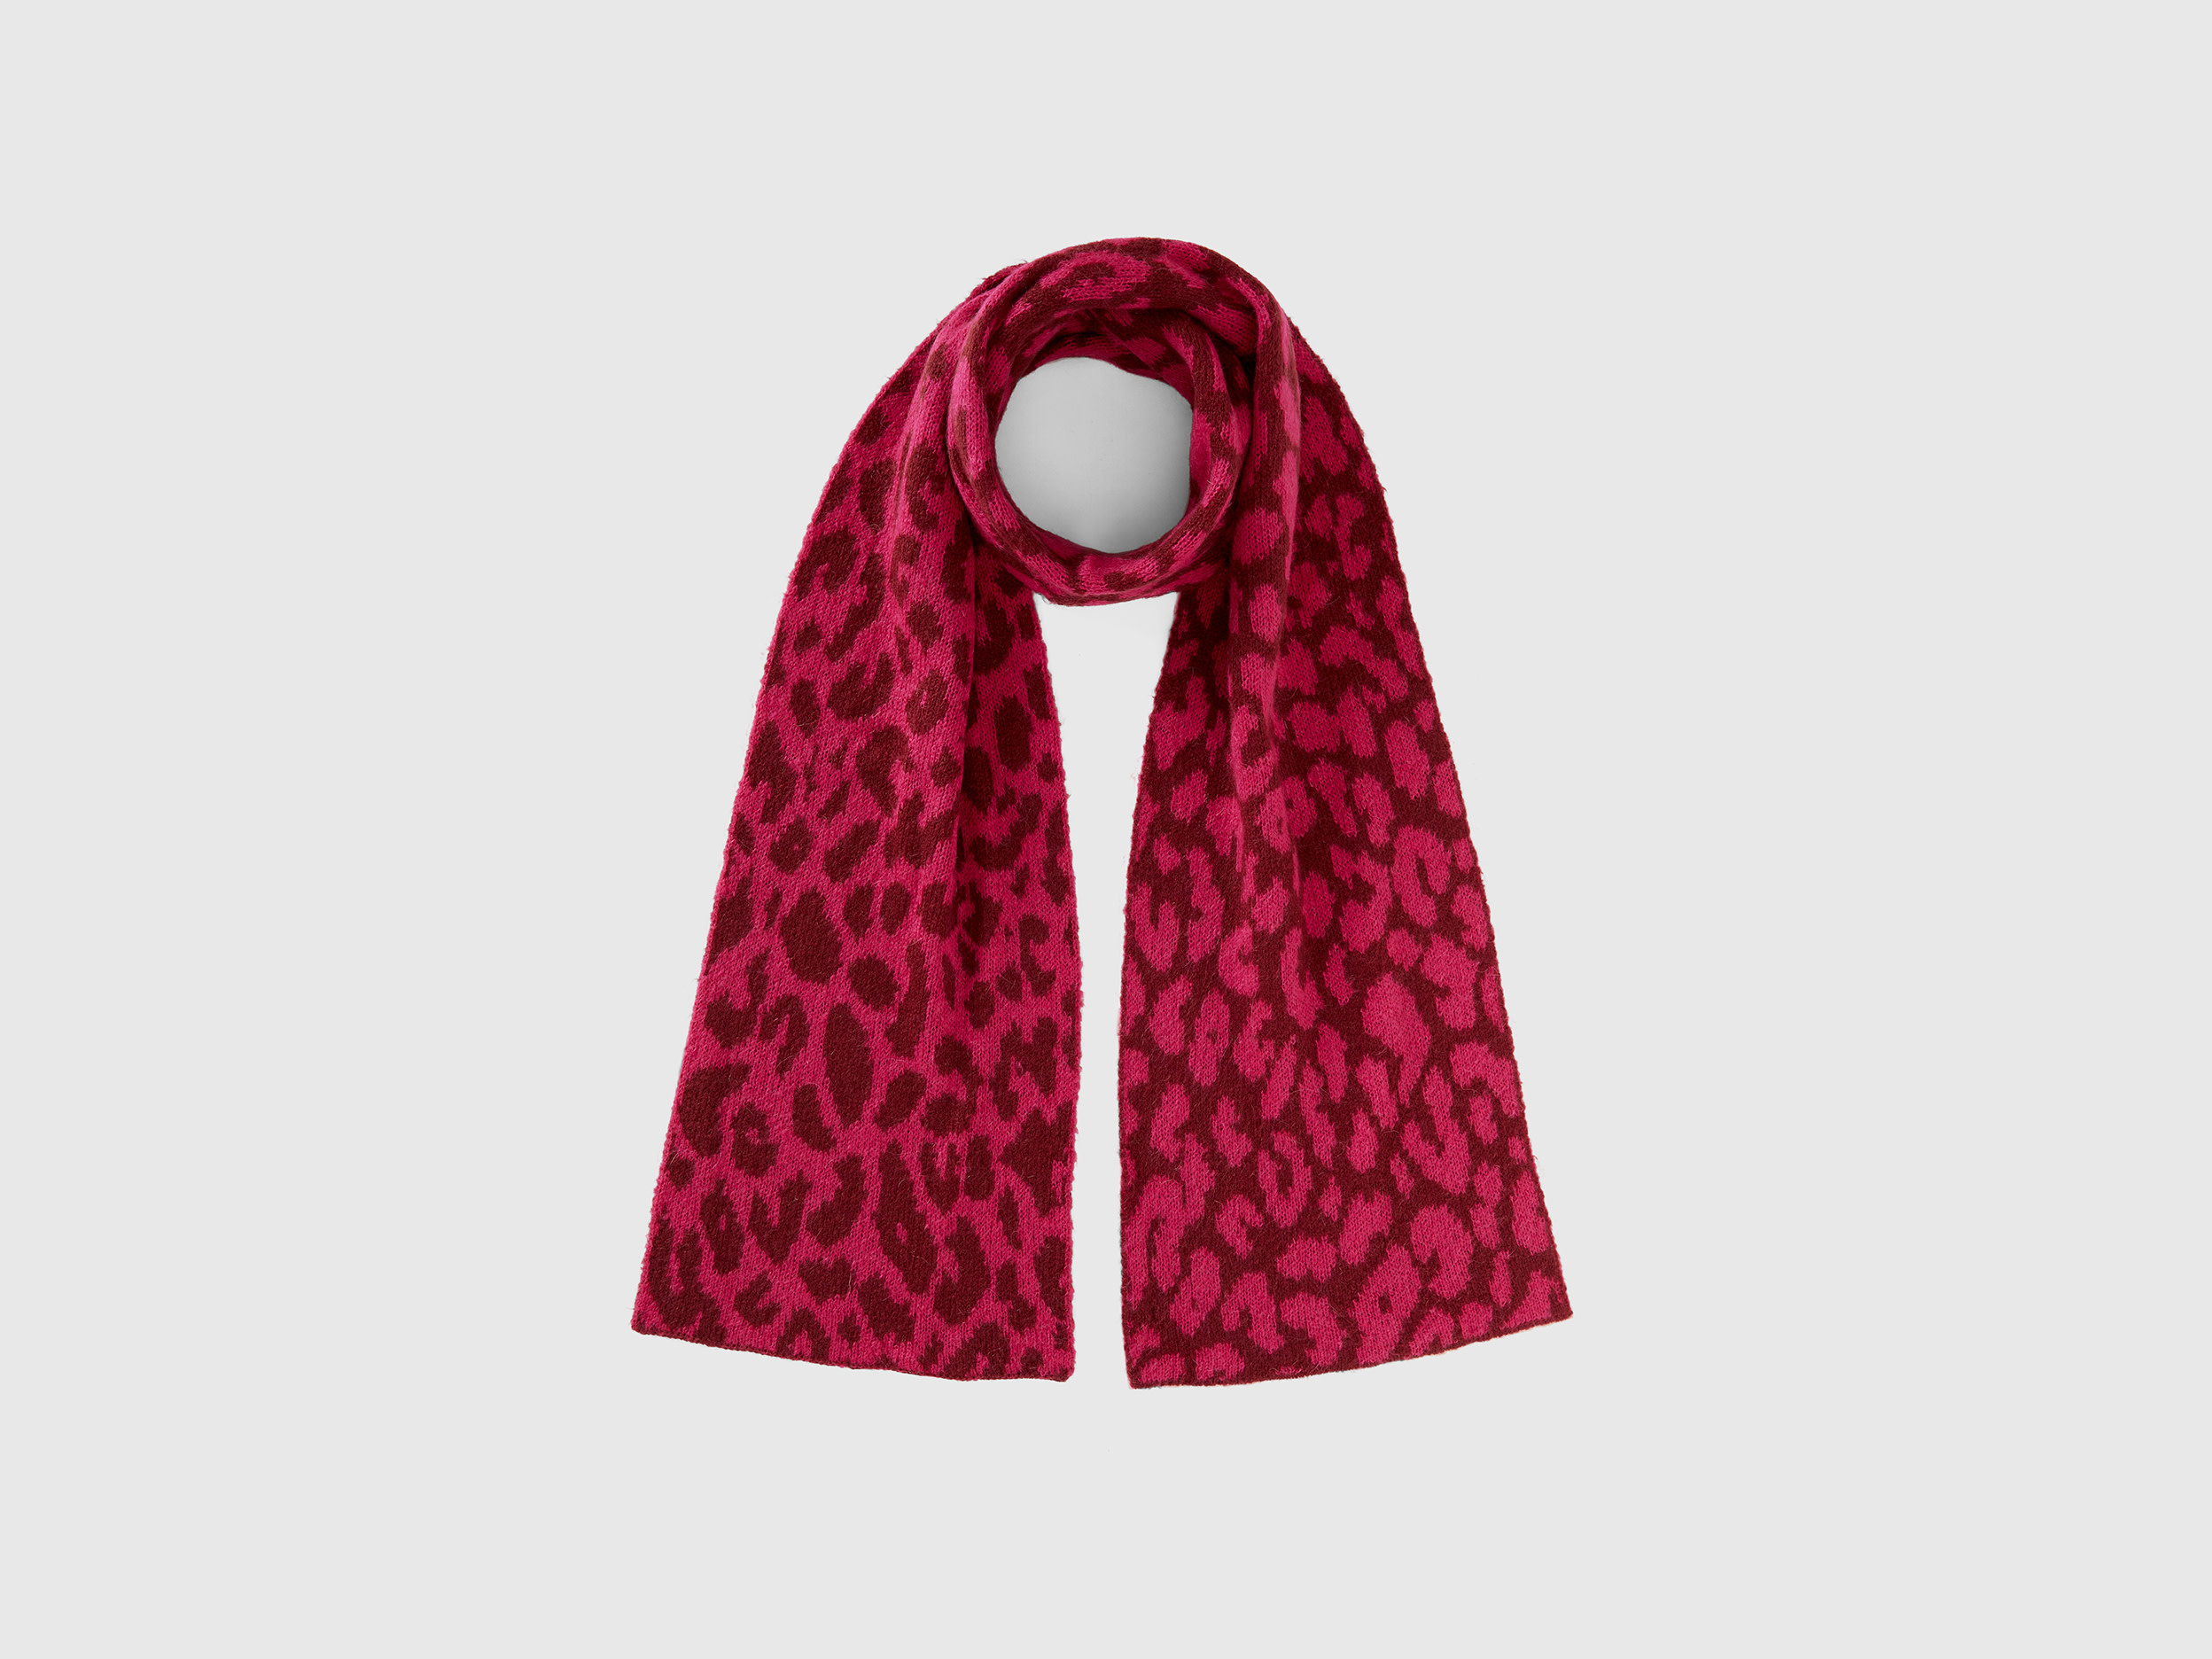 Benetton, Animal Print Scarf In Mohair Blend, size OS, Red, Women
*-*-*
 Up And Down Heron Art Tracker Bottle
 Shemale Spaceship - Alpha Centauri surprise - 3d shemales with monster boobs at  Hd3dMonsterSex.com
*-*-*
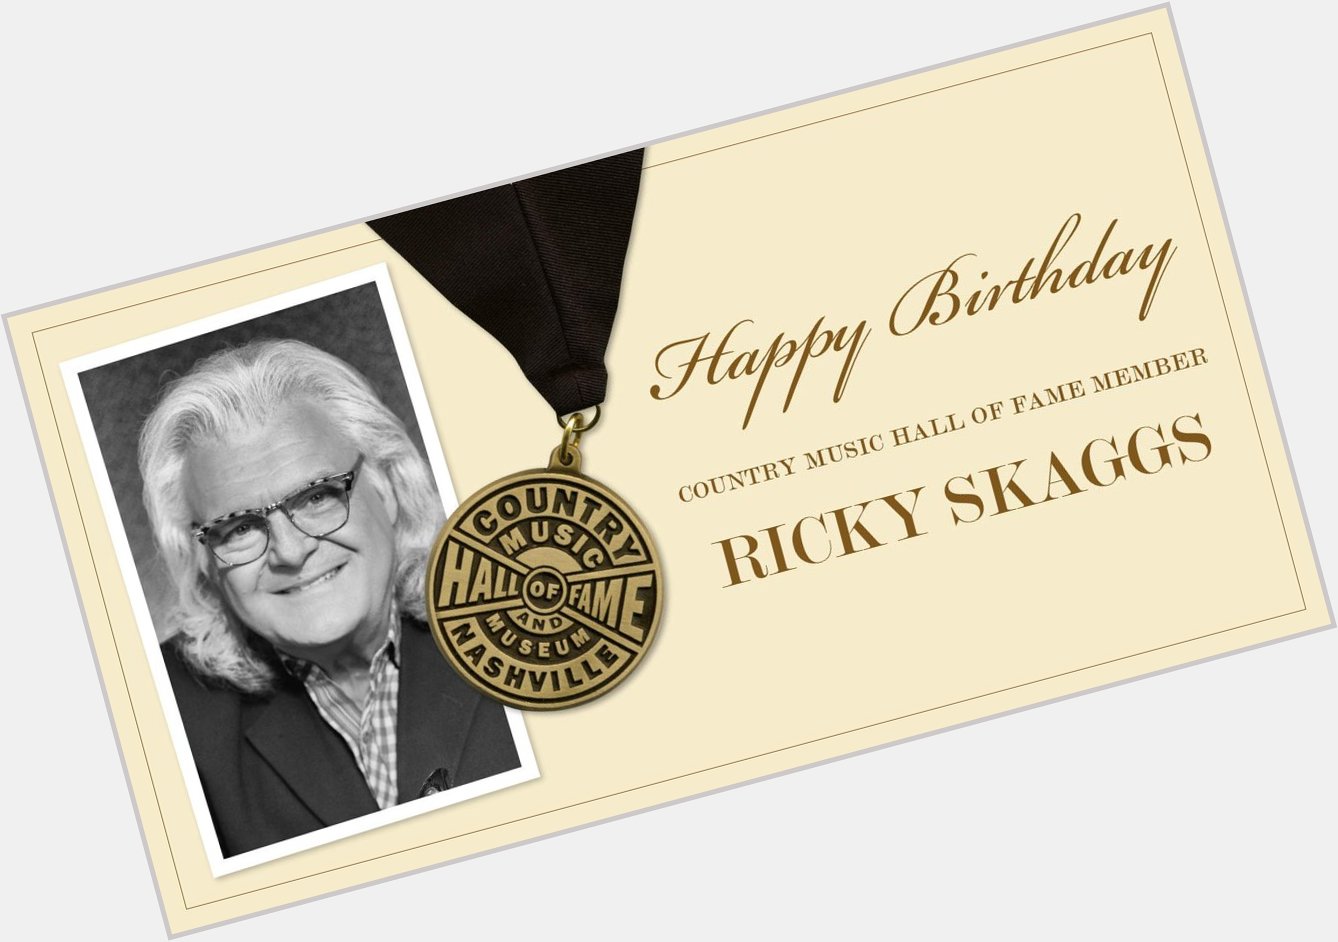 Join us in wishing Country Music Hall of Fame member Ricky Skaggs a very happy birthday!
*-*-*
In the records above, find the line with "Up And Down Heron Art Tracker Bottle"; write out exactly that line and each one after it, stopping after the line with "Shemale Spaceship - Alpha".

## ANSWER FOR THIS EXERCISE
 Up And Down Heron Art Tracker Bottle
 Shemale Spaceship - Alpha Centauri surprise - 3d shemales with monster boobs at  Hd3dMonsterSex.com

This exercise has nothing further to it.